4.3. Suggestions for Increasing Carbon Storage

The Qinling Mountains north slope region, a critical ecological barrier in China, plays a pivotal role in carbon storage, oxygen generation, and water preservation [30]. Furthermore, it represents a key region for enhancing the ecological conditions within the middle and lower reaches of the Yellow River. In addition, this paper finds that the reduction of cultivated land is the primary factor leading to the decline of carbon storage in the region, so protecting CL and further strengthening the protection of ecological environments, such as FL and GL, becomes an important path to increase carbon storage in the region. Consequently, this paper presents nine recommendations aimed at enhancing the region’s carbon storage capacity: (1) A master plan for carbon storage and emissions in the Qinling Mountains north slope region should be formulated by the Shaanxi Provincial Government to improve the region’s carbon sink capacity at the policy level. (2) In the Qinling Mountains north slope region, the regional governments should formulate master plans for rural construction and guide farmers in improving their living environment. (3) The regional government should strictly prohibit landscape construction that occupies cultivated land, such as enclosing fields for forestation and digging lakes for landscaping. (4) Agricultural agencies should crack down on the encroachment of land for illegal construction and strictly protect CL. (5) Agricultural agencies should develop generous agricultural incentives to increase farmers’ participation in agricultural production and encourage more young farmers to return home. (6) Environmental agencies should increase their efforts to protect ecosystems by prohibiting damage to FL, GL, and WA, as well as the pollution of environmental factors, such as soil. (7) Forestry agencies should develop more stringent forest and grassland conservation policies to improve the quality and carbon sink capacity of the region’s terrestrial ecosystems in general. (8) Carbon sink management organizations should establish a carbon sink compensation mechanism and take measures such as fines and off-site compensation for lost carbon sinks to ensure that the capacity of carbon sinks is not reduced. (9) Carbon sink management organizations should conduct real-time monitoring of land use and carbon sink capacity in the Qinling Mountains north slope region using satellite remote sensing, drones, and other technologies.

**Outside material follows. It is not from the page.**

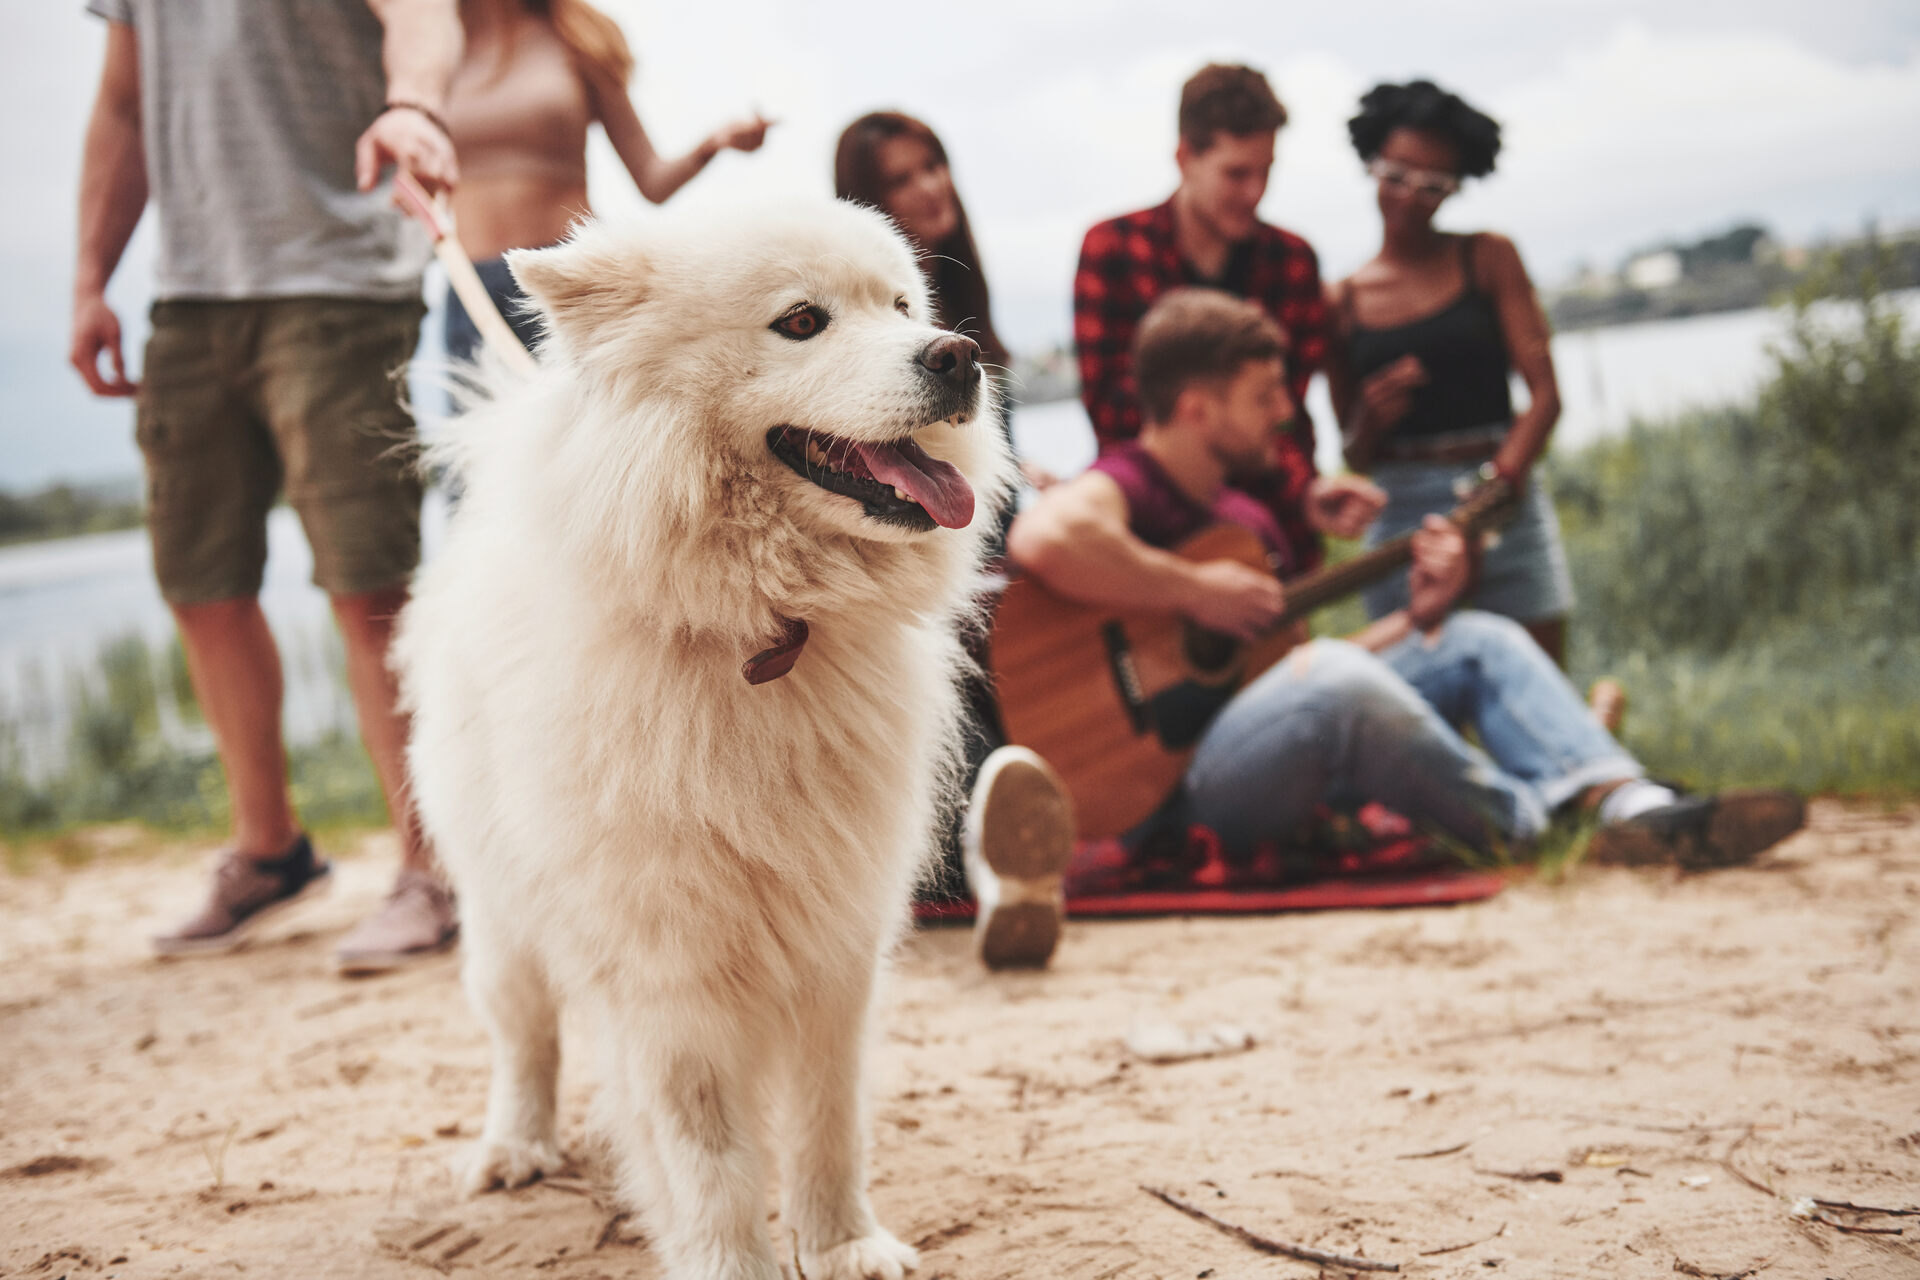 A white dog spending time with a group of friends outdoors

Overall, strengthening the protection of cultivated land in the region and increasing the willingness of local farmers to engage in agricultural production, while considering the ecological environment, are effective strategies for increasing carbon storage in the Qinling Mountains north slope region.

5. Conclusions

Based on the land use characteristics in 1990, 2020, 2010, and 2020, this paper simulated the spatiotemporal evolution of land use and carbon storage in the Qinling Mountains north slope region in 2030 under four scenarios: Natural development priority, Arable land protection priority, Ecological protection priority, and Urban development priority, using a combination of four models, including the land use classification model, land use transfer matrix model, PLUS model, and InVEST model. The results reveal a consistent decline in carbon storage within the Qinling Mountains north slope region, spanning from the early 1990s to the present. The declining trend in the region has remained the same, even under the four scenarios modeled for 2030, so the region faces a significant challenge in carbon storage increase. This paper presents nine recommendations aimed at augmenting the carbon storage capacity of the region, aligning with the Chinese government’s objective to reach carbon peak by 2030 and attain carbon neutrality by 2060 [31,32].

In this paper, the authors make two exciting discoveries: (1) The ecological environment in the Qinling Mountains north slope region is excellent. Over the past decades, the state and local governments have invested a great deal of effort into the ecological improvement of the region [33,34]. The ecological improvement should have favored the increase of carbon storage, but carbon storage in the region has been declining from 1990 to the present. (2) In the Qinling Mountains north slope region, where the forest cover is high, FL and GL have not been the dominant factors in imaging the changes in carbon storage in the region; instead, CL has become the main protagonist. Therefore, based on these two findings, the authors concluded that the carbon storage capacity of cultivated land has been underestimated in the foothills or shallow mountains. Although FL and GL are the key factors affecting carbon storage, CL also plays a vital role in increasing the carbon storage capacity of the region. The authors anticipate that this paper will serve as a valuable resource, offering references and case studies for examining carbon sinks in the Qinling Mountains north slope region. In addition, the methodology and conclusions of this paper will also contribute to research in other regions in enhancing carbon storage.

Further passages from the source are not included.